* Aim of the exercise *
For the listing below, output exactly the lines from the line with "Rational combi master" up to and including the line with "Daughter I love", and no other lines.

* Data for the task *
_____
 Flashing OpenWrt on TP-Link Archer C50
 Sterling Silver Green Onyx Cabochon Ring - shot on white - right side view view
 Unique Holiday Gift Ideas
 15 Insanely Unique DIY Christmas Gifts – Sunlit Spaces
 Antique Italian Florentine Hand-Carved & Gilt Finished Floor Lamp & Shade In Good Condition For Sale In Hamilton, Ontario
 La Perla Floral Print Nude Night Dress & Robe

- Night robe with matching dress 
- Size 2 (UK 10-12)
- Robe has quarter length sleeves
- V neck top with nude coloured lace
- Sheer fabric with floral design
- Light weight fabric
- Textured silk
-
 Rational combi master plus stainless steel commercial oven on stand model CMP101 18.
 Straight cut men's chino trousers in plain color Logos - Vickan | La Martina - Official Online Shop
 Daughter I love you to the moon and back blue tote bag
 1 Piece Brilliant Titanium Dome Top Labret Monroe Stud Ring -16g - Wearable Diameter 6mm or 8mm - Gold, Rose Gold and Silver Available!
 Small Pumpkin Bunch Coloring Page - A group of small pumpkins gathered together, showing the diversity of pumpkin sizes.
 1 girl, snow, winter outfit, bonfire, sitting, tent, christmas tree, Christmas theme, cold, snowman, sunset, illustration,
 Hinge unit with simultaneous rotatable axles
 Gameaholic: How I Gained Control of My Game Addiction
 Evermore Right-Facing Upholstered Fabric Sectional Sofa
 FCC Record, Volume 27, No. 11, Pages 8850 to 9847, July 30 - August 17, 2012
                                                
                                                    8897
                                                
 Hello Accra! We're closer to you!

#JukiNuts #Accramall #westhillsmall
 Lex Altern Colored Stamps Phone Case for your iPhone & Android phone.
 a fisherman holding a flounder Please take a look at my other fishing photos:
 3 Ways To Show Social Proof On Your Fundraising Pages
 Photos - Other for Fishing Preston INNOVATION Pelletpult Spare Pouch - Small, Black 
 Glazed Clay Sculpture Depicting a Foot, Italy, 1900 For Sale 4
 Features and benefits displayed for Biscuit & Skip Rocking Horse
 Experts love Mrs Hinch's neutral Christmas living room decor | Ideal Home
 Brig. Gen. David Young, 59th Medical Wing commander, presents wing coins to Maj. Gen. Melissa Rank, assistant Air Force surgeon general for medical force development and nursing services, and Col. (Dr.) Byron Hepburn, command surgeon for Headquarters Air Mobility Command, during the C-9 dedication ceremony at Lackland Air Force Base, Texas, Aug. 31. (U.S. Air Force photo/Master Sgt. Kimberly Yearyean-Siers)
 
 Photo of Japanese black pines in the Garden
_____
* Written solution *
 Rational combi master plus stainless steel commercial oven on stand model CMP101 18.
 Straight cut men's chino trousers in plain color Logos - Vickan | La Martina - Official Online Shop
 Daughter I love you to the moon and back blue tote bag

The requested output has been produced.